Known to almost everyone as Mr. Pierce or Pierce Sensei, it is his job as an Aikido instructor to make certain his students are spent at the end of a training session. But it is tough to achieve this goal with 6- and 8-year-old students like Greg Wilcox and Sean Anderson. Instead of taking a water break in the middle of practice, the two South Whidbey boys instead chose to sumo wrestle on the practice mats in Bayview Hall.

Enthusiasm is enthusiasm, no matter what the form. By wrestling, the boys were reinforcing the skills they've been learning from Pierce Sensei for almost two years.

Aikido is a Japanese defensive martial art that has gained popularity in this country over the past few years. On Whidbey Island, both children and adults have been taking classes from Pierce for several years, learning in his Goldie Road, Oak Harbor studio or dojo, the Island Athletic Club, and now at Bayview Hall.

Roughly translated as "the way of harmony," Aikido is a way of life for Pierce. Having trained for 10 years in the Aikido culture with a sensei -- or teacher -- who was a student of Aikido founder Morihei Ueshiba -- Pierce is now the teacher. Aikido, he said, is a method of "polishing your spirit," and pushes students to build mind-body coordination, respect for others and personal values.

And there is one other thing.

"You can also defend yourself," he said.

Working with people who are for the most part athletic, he said Aikido nonetheless draws students who are not particularly interested in sports.

A graceful art at times, especially when students use Aikido weapons like the Kenjutsu sword and the Jodo staff, the martial art also has its rough-and-tumble side. Both child and adult students are expected to master noisy falling rolls and the art of sending an attacker to the ground.

Ballet it is not.

"It's not something you do to look good," Pierce said.

Held at the edge of rambunctiousness by Pierce, who insists his students acknowledge all instruction with the response "Yes sir," the children in his class learn self-control. Nadine Wilcox, Greg Wilcox's mother, said her son is learning one thing above all others.

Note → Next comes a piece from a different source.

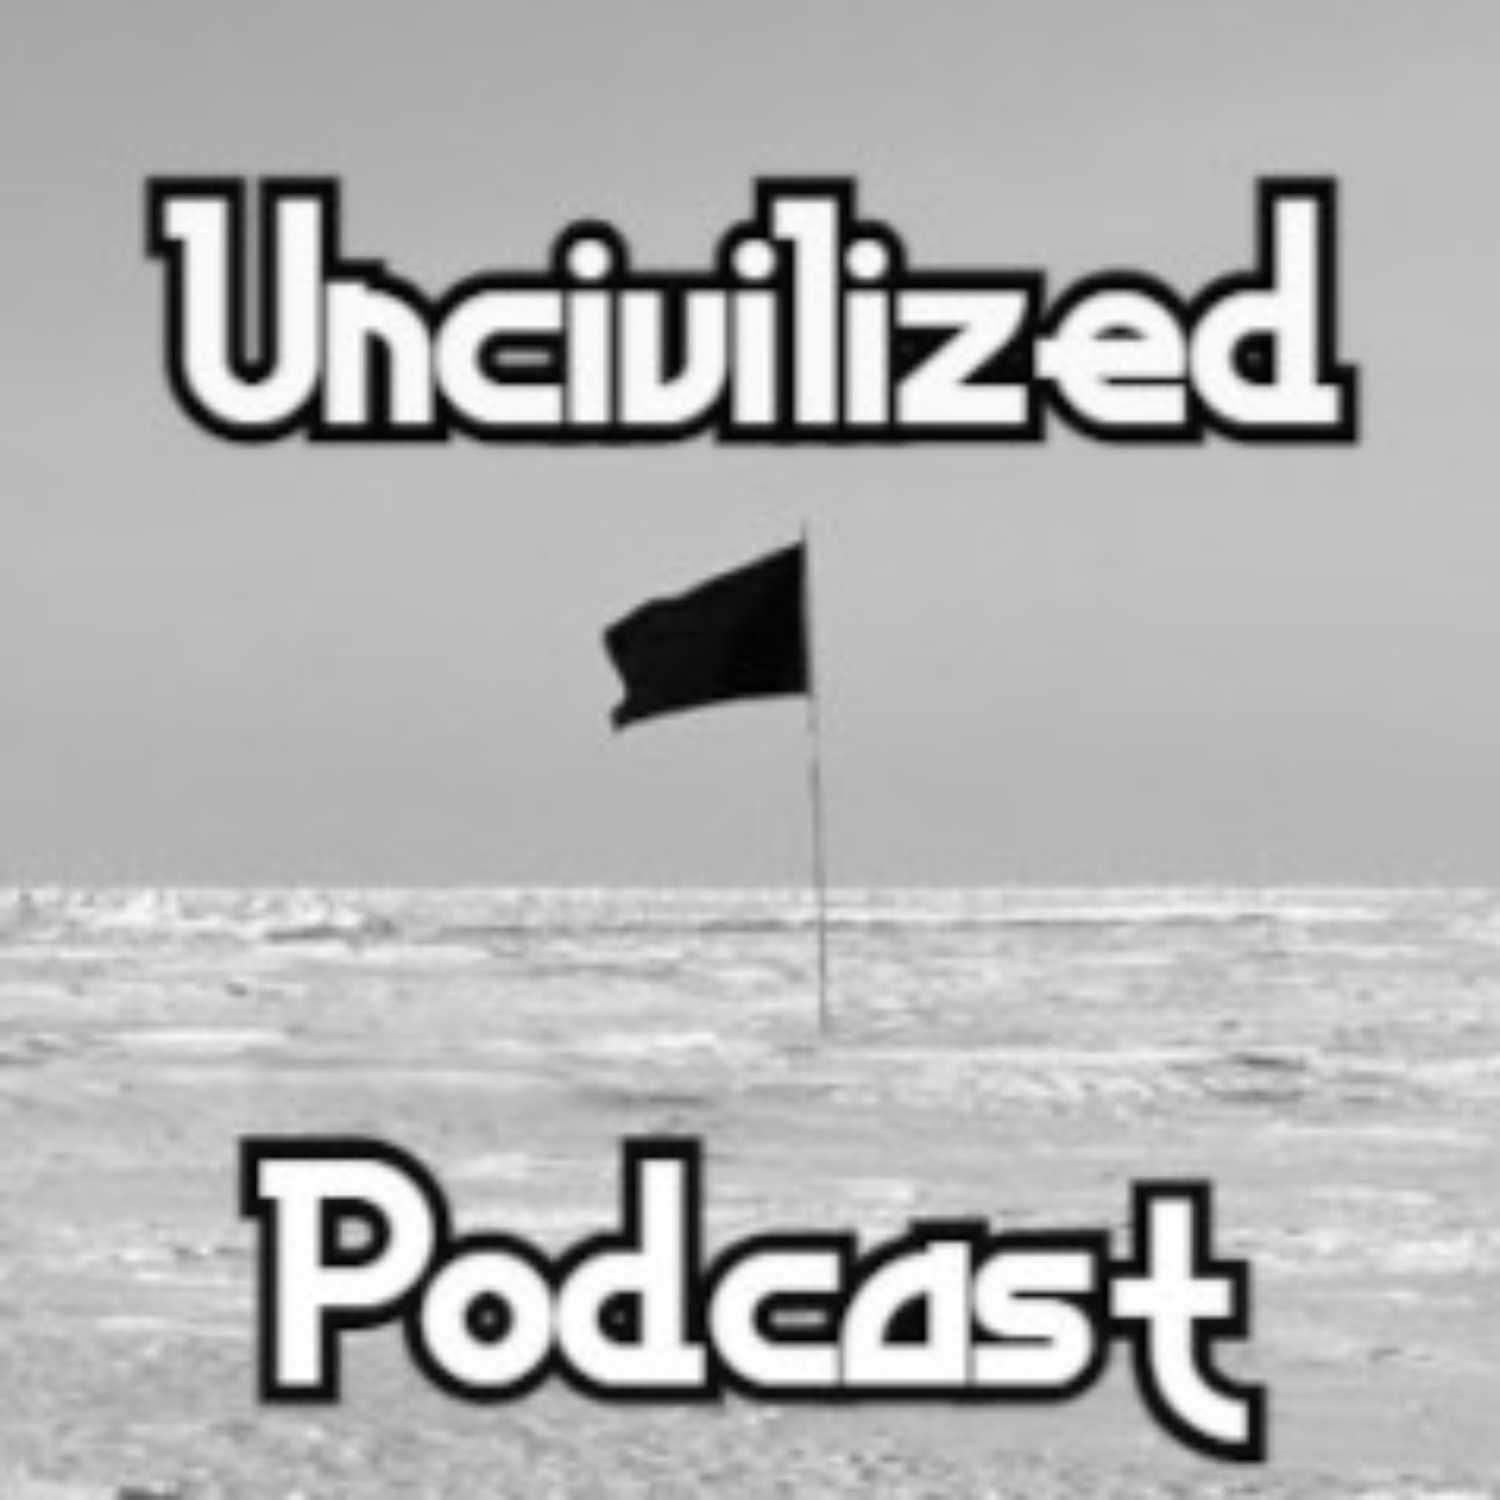 Uncivilized Podcast

"I think it's the discipline," she said.

While discipline is also important for Greg Wilcox's training partner, Anderson, clearly enjoys the physical aspect of Aikido -- at least according to his father, Robert.

"He rolls through the house; he doesn't walk," he said.

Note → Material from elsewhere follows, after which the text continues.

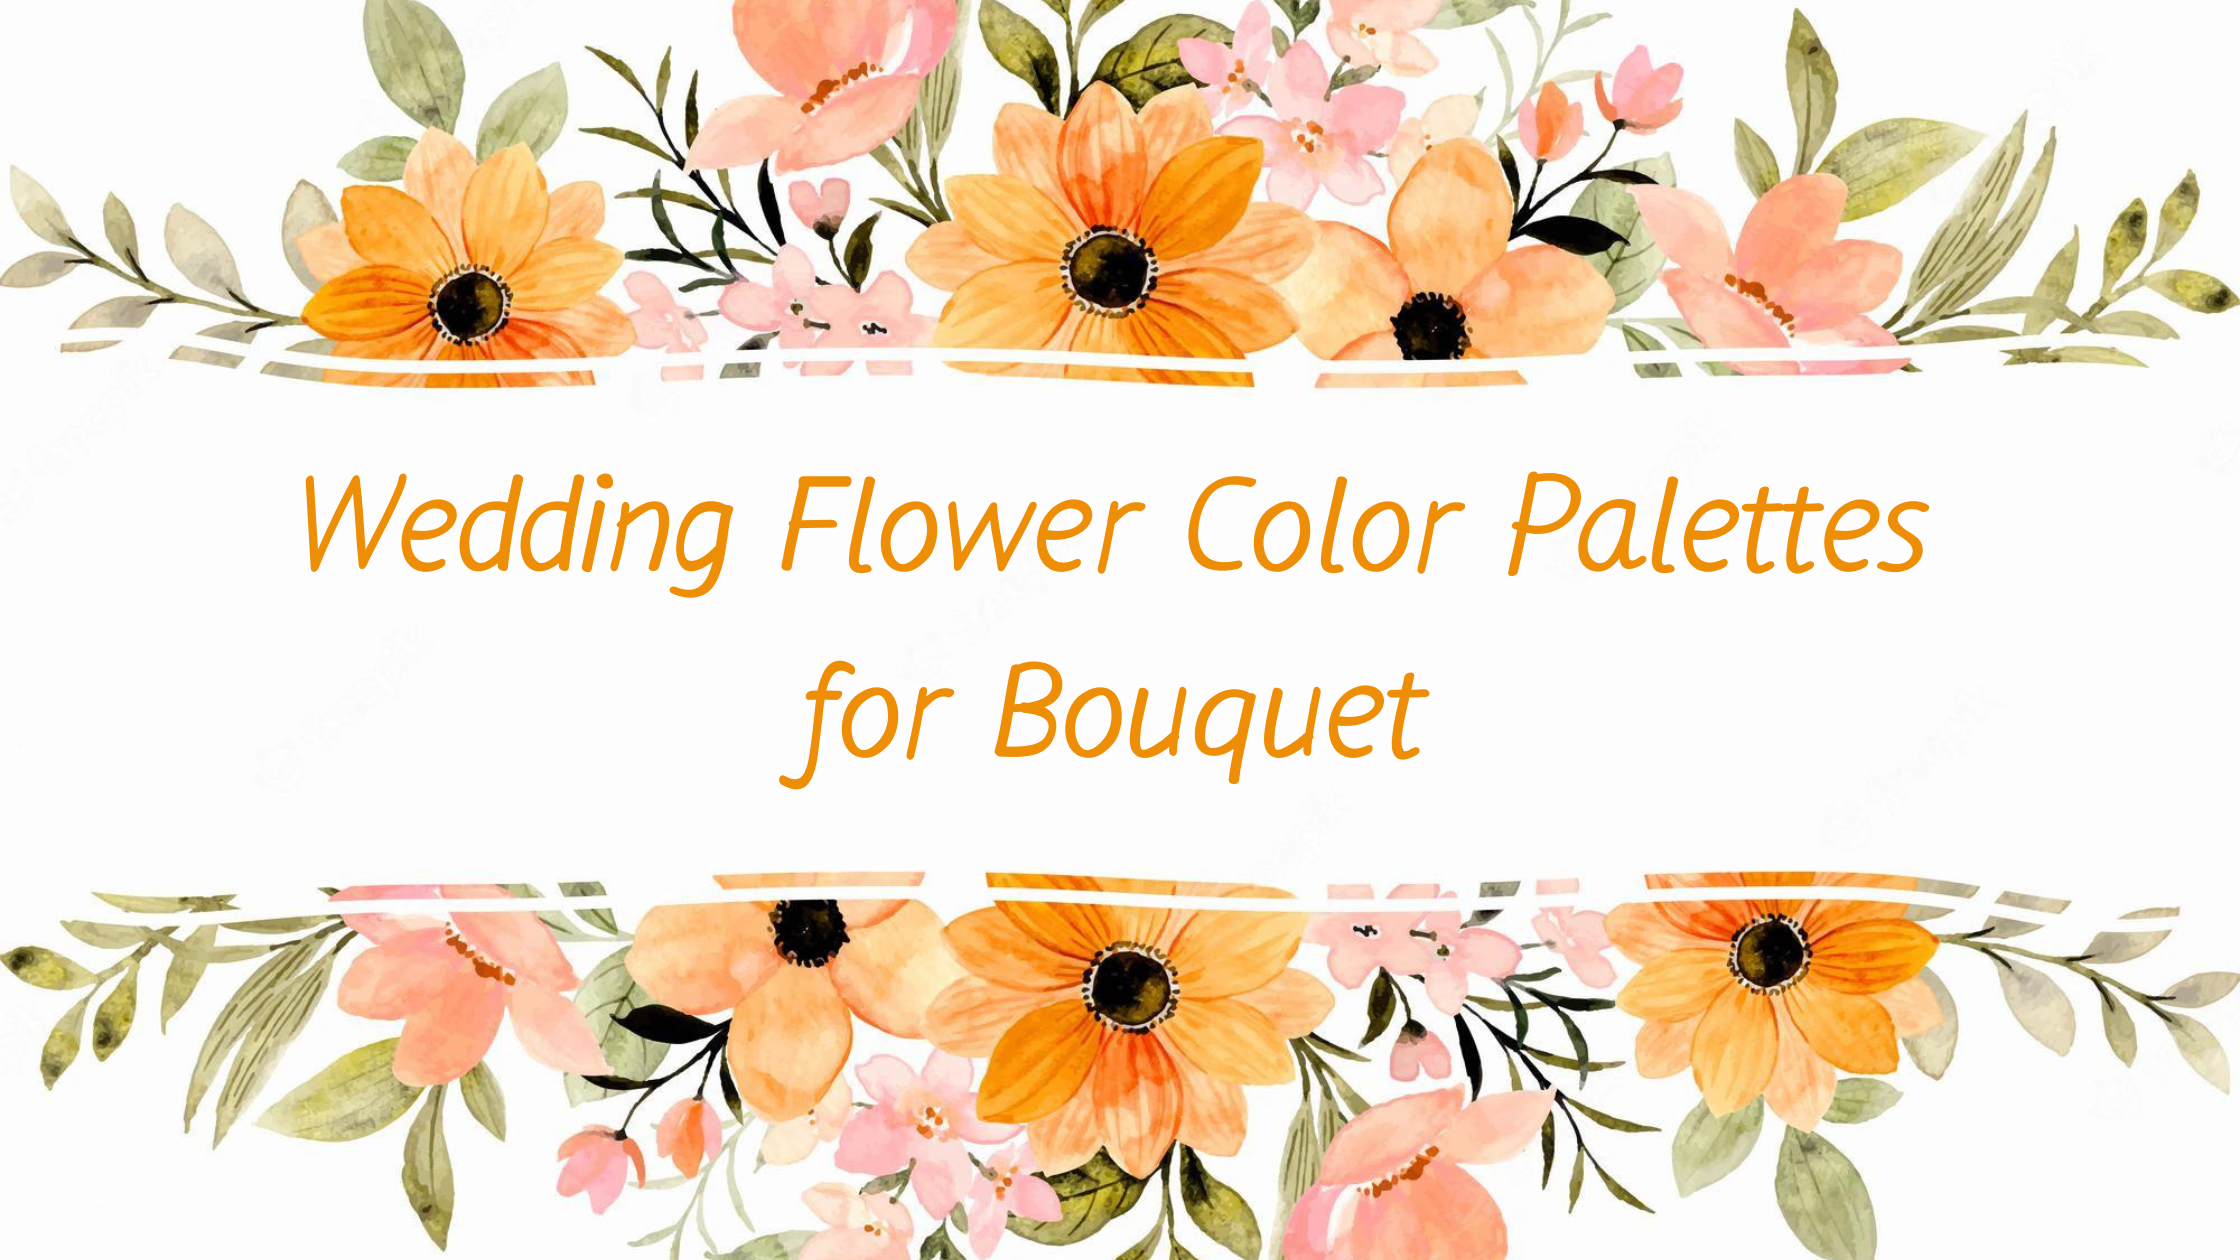 Best Wedding Flower Color Palettes for Bouquets

Older students, who show up for Pierce's 7 p.m. class, have a different attitude. Ralph Skjelstad said he's always had an interest in the martial arts and decided to take the plunge with Aikido. Though enthusiastic in rolling and throwing drills on the mat, his appreciation for the art runs deeper than what it allows him to do with his body.

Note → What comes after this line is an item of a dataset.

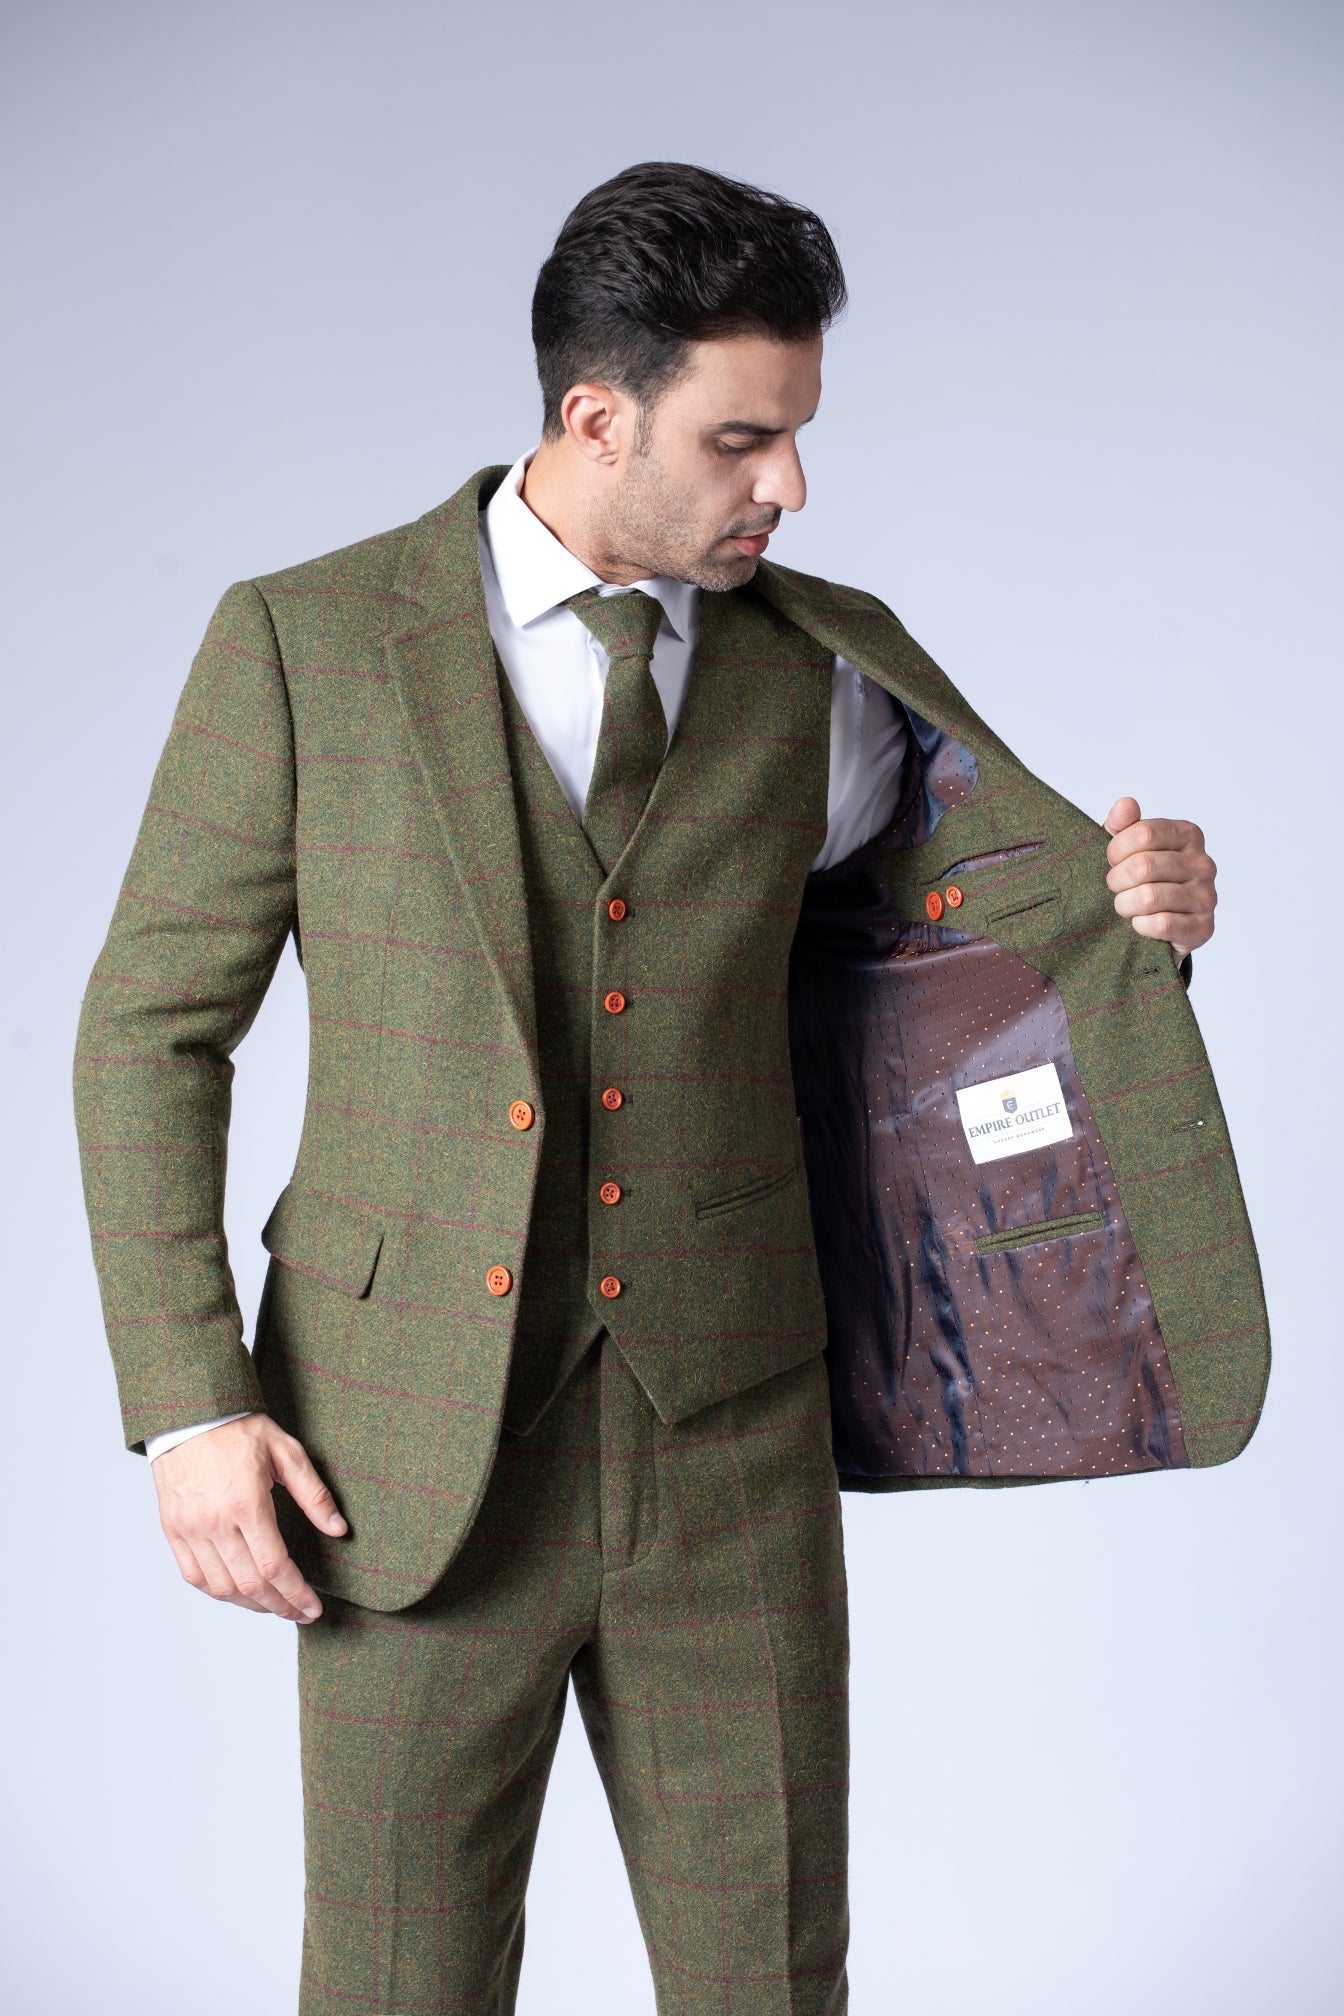 Olive Green Windowpane Tweed Suit

"I just like the whole idea and philosophy the founder had," he said.

That philosphy is an approach to life based upon a philosophy of bettering oneself by helping others do the same, Pierce said. Aikido emphasizes calmness, stability and harmonious relationships with others.

Andy Laxamana, a 52-year old student in Pierce's dojo, has studied the martial arts for more than 40 years. Hampered by the onset of epilepsy when he was 19, he said he struggles to keep his balance while practicing Aikido.

Working together with Pierce instructing, Laxamana and Skjelstad nonetheless work smoothly together, though somewhat more hesitantly than the children in the previous class.

One of only three sensei who have authorization to teach Aikido in the United States through the Japanese Seikikai organization, Pierce is a serious teacher. While there are moments of fun and humor in the class, all students are expected to concentrate on where they are and what they are doing while in his dojo. If not, the martial punishment of required pushups can go along with the martial art.

Pierce Sensei said he opened a dojo on South Whidbey after a number of requests from locals. He said he hopes to build his program over time.